Pierre-André Vuissoz1, Karyna Isaieva1, Ioannis Douros1,2, Yves Laprie2, Freddy Odille1,3, and Jacques Felblinger1,3
1IADI Université de Lorraine, INSERM U1254, Nancy, France, 2LORIA Université de Lorraine, CNRS, Inria, Nancy, France, 3CIC-IT 1433 INSERM, CHRU de Nancy, Nancy, France
Synopsis
Dynamic images acquired with real-time radial
Flash sequence and nonlinear reconstruction pipeline are compared for two set
of parameters standard protocol and an higher resolution set trading real-time
reconstruction constrain for an increase in spatial resolution. The spatial
resolution improvement is assessed using sharpness index and quality of automatic
edge detection.
Purpose
For RT-MRI speech imager, to give insight for parameter choice when higher spatial
resolution is needed without real-time reconstruction constrain.Introduction
Vocal tract is the cavity where the sound
produced at the larynx is filtered. It is a part of the upper airway consisting
of several soft-tissue structures and muscles that are intricately coordinated
to perform functions such as speech, swallowing, and breathing. Magnetic
resonance imaging (MRI) of the vocal tract offers a noninvasive way to
visualize the morphological and functional aspects of this structure. It has
several compelling advantages over competing modalities such as x-ray and
ultrasound. Real-time MRI (RT-MRI) involves the continuous acquisition of MRI
images of a dynamically evolving process. This has emerged as a powerful tool
to visualize the complex spatiotemporal coordination of upper airway structures
during physiological functions such as speech production. It is a powerful tool
in speech research, which has the potential to address several open questions
in the areas of phonetics, phonology, language acquisition, and language
disorders. In several research and clinical studies, RT-MRI has presented a
challenging trade-off between spatial resolution, temporal resolution,
signal-to-noise ratio (SNR), and artifact suppression. Several of these factors
can be traded differently based on the upper airway task of interest. For
speech production, the requirements of spatial and temporal resolution in
RT-MRI vary form few seconds for sustained sounds production to few
milliseconds for consonant production [1]. High time resolutions of below 70ms
are required to study very fast articulatory movements such as those during
consonant constrictions and coarticulation events. Developments in RT-MRI
radial acquisition provide a view into the oropharyngeal dynamics of speech.

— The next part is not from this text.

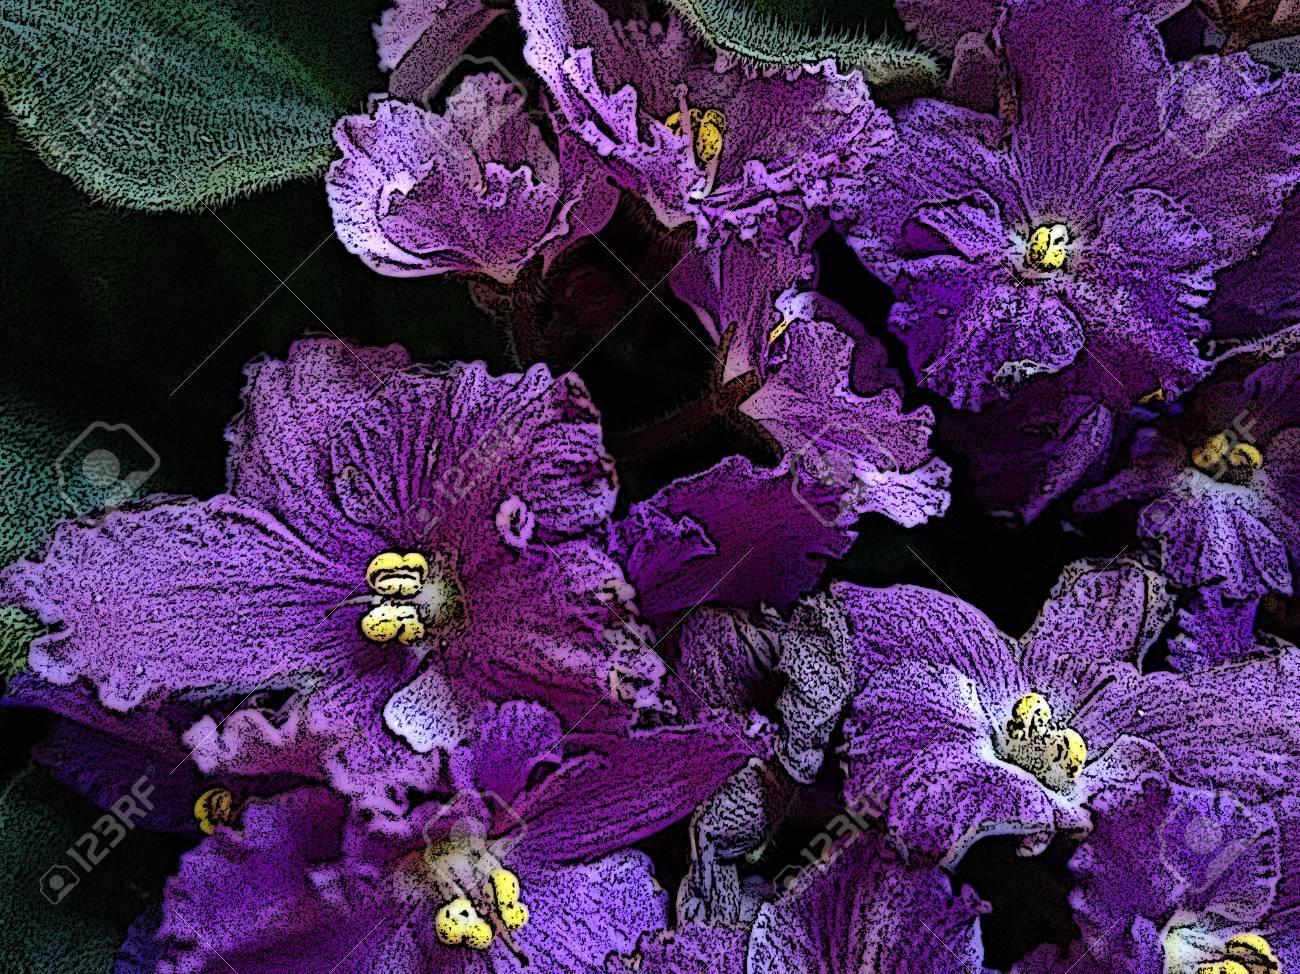 Exceptional Fiore Viola Africano   Viola   La Viola Africana è Una Pianta Erbacea Di  Regioni Temperate, In Genere Con Fiori A Cinque Petali Viola, Blu, Rosa O  Bianco, ...

Advances in hardware, acquisition, and reconstruction methods have enabled
spatial resolutions capable of distinguishing contact of the velum and temporal
resolutions capable of seeing tongue tip movements at a temporal resolution of
20ms [2]. But the new RT-MRI speech imager is faced with many choices. In this
work, for the same sequence and reconstruction pipeline we compare the standard
protocol proposed in [2] with another set of parameters trading real-time
reconstruction constrain for an increase in spatial resolution. The spatial
resolution increase with the proposed parameters is assessed using sharpness
index and edge detection quality.Materials and Methods
A female subject was asked to repeat /tata/
several times during MRI acquisition. The choice of this utterance is motivated
by the presence of consonant-vowel-consonant transition with low variability of
the tongue position for the consonant /t/ and the vowel /a/ forces the subject
to open the mouth and increases magnitude of the tongue motion and speed. The
data were acquired on a Siemens Prisma 3T scanner (Siemens, Erlangen, Germany)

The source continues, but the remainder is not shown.